Love Talk: Connect Through Healthy Communication

Whitney Hopler

Live It Editor

Everyone wants to be known and understood. When you and your spouse give this gift to each other, you strengthen the bond between you. In fact, many research studies indicate that improving your communication increases the quality of your marriage more than anything else you can do.

In order to communicate successfully, however, you need to learn what to say and how to say it best - in ways that truly reach your partner. You need to learn his or her language of love.

Here's how you can learn to speak your spouse's love language:

• Make meaningful conversations a priority. Make time to talk on a regular basis. Eliminate distractions so you can give all your attention to your discussions with your spouse. Don't multitask while you're talking. Do take advantage of quiet times (such as in the car or in the house after your kids are asleep) to hold conversations.
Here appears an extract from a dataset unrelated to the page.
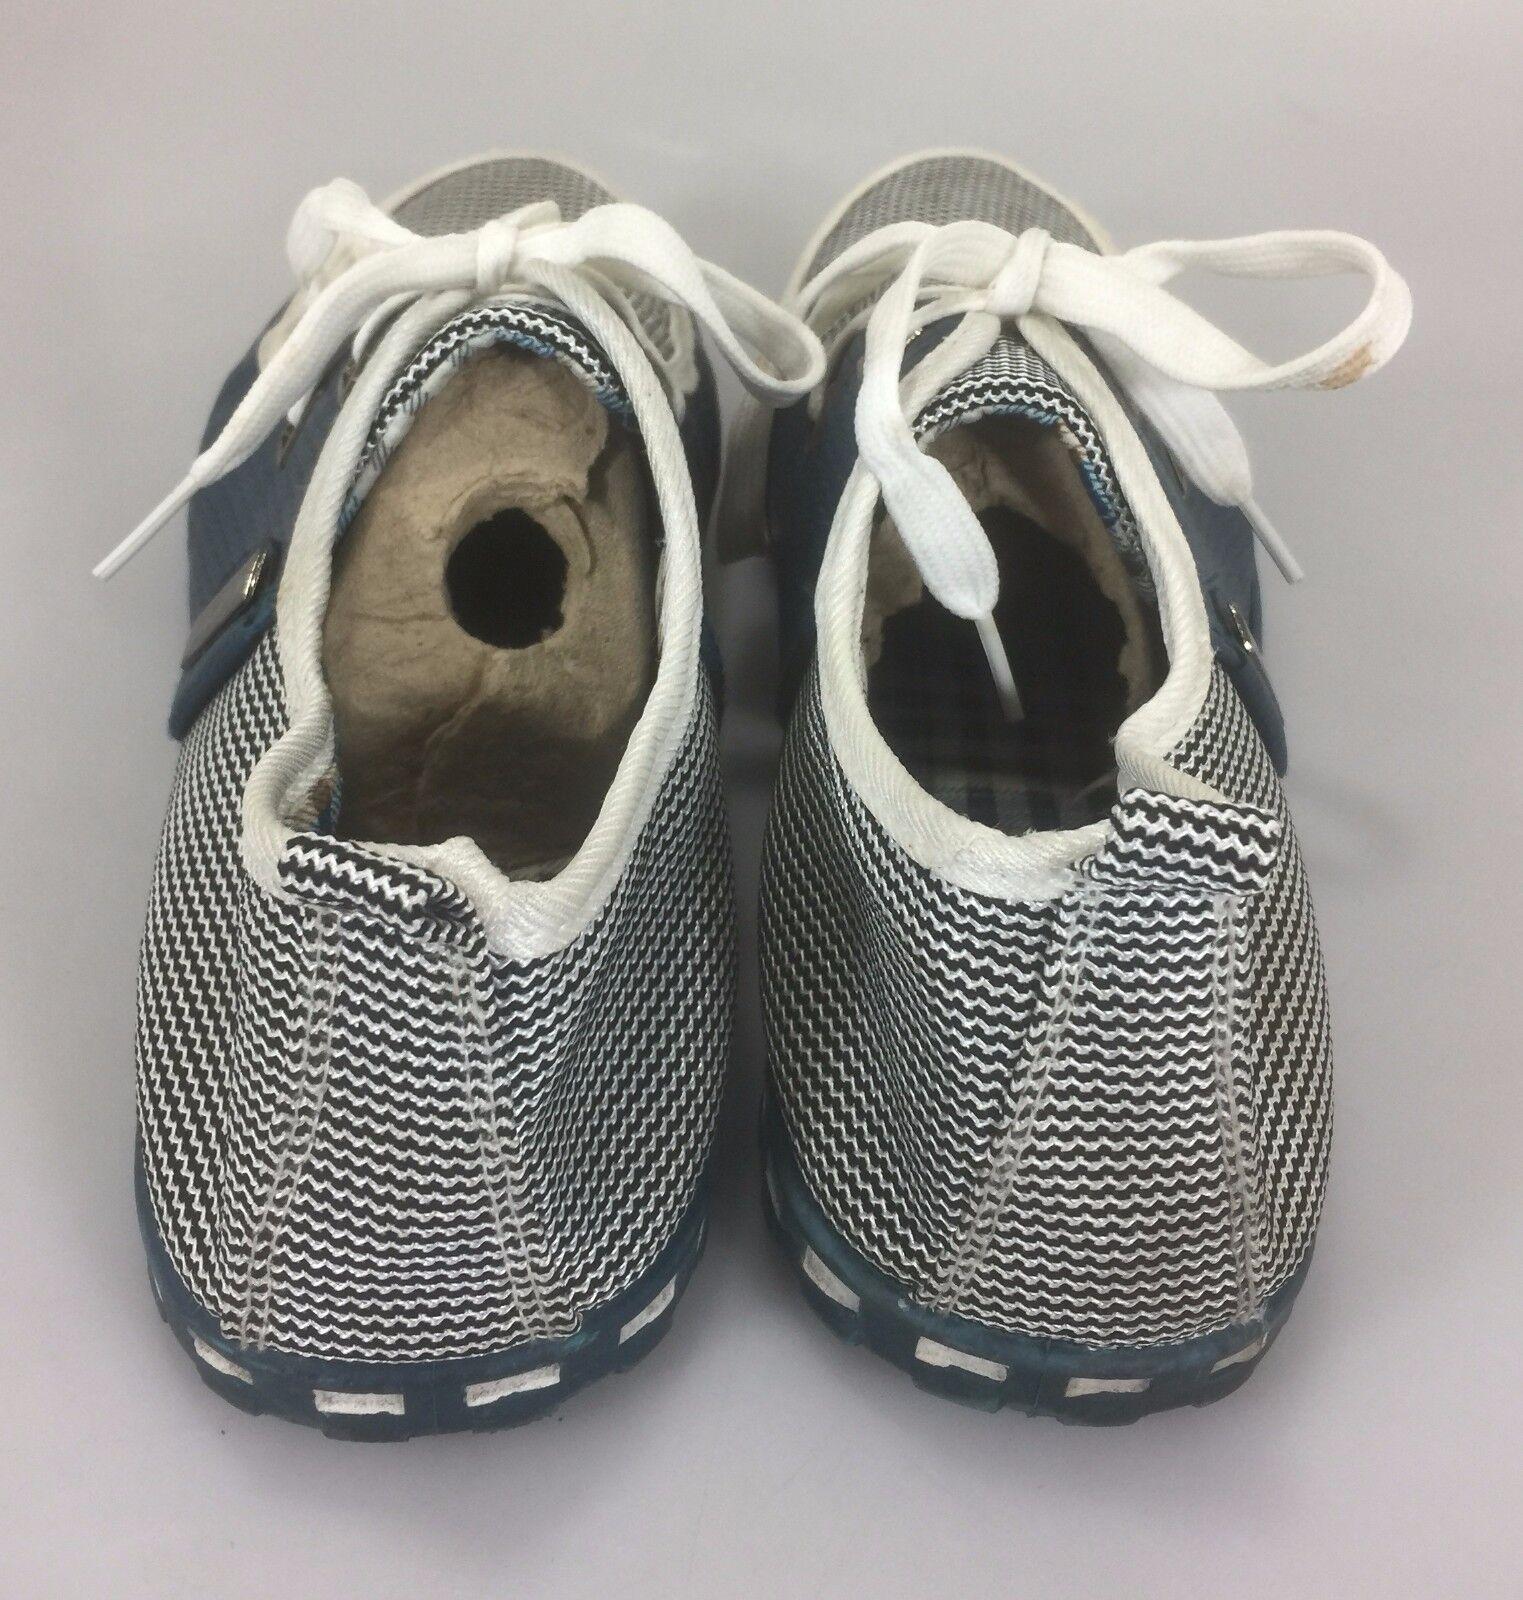 Shoens scarpe le 12 uomini blu bianco controlla le scarpe scarpe da ginnastica 46 ue c91561

• Pay attention to your nonverbal communication. Make eye contact with your spouse, lean slightly toward him or her with a relaxed posture, avoid gestures that might be distracting, and talk in a space that allows you both to sit close together in privacy.

• Clarify what you think you heard your spouse say. After your spouse makes a point, repeat back what you think you heard to clarify the message. Give your spouse a chance to correct you if you misunderstood what he or she said.

•Avoid unsolicited advice. Don't give your spouse advice when he or she doesn't ask for it. Realize that your partner may not be ready yet to follow through on any advice and would only feel guilty if you offer unwanted counsel.

• Be genuine. Know that you must be sincere and authentic if your spouse is to trust you.

• Open up with your spouse. Strive to be honest, vulnerable, and willing to talk about anything with your spouse. If you have emotional wounds that are keeping you from opening up, seek healing for them. Enlist the help of a mentor, counselor, or coach who can provide the encouragement, support, and accountability you need.

• Recognize your spouse's fear factor. Understand that people are all hardwired to want emotional safety during conversations. Know that every person has one main type of compelling need that motivates him or her emotionally, and he or she feels fear whenever that need is threatened.

Consider what makes you and your spouse feel emotionally safe. Is it gaining control of time, winning approval from others, maintaining loyalty, or achieving quality standards? Once you identify each of your main fear factors, you can use that information to converse in a way that feels emotionally safe to each of you. For example, if your spouse fears losing control of his time, you can reach him more effectively if you learn how to speak concisely and stay focused on the topic at hand.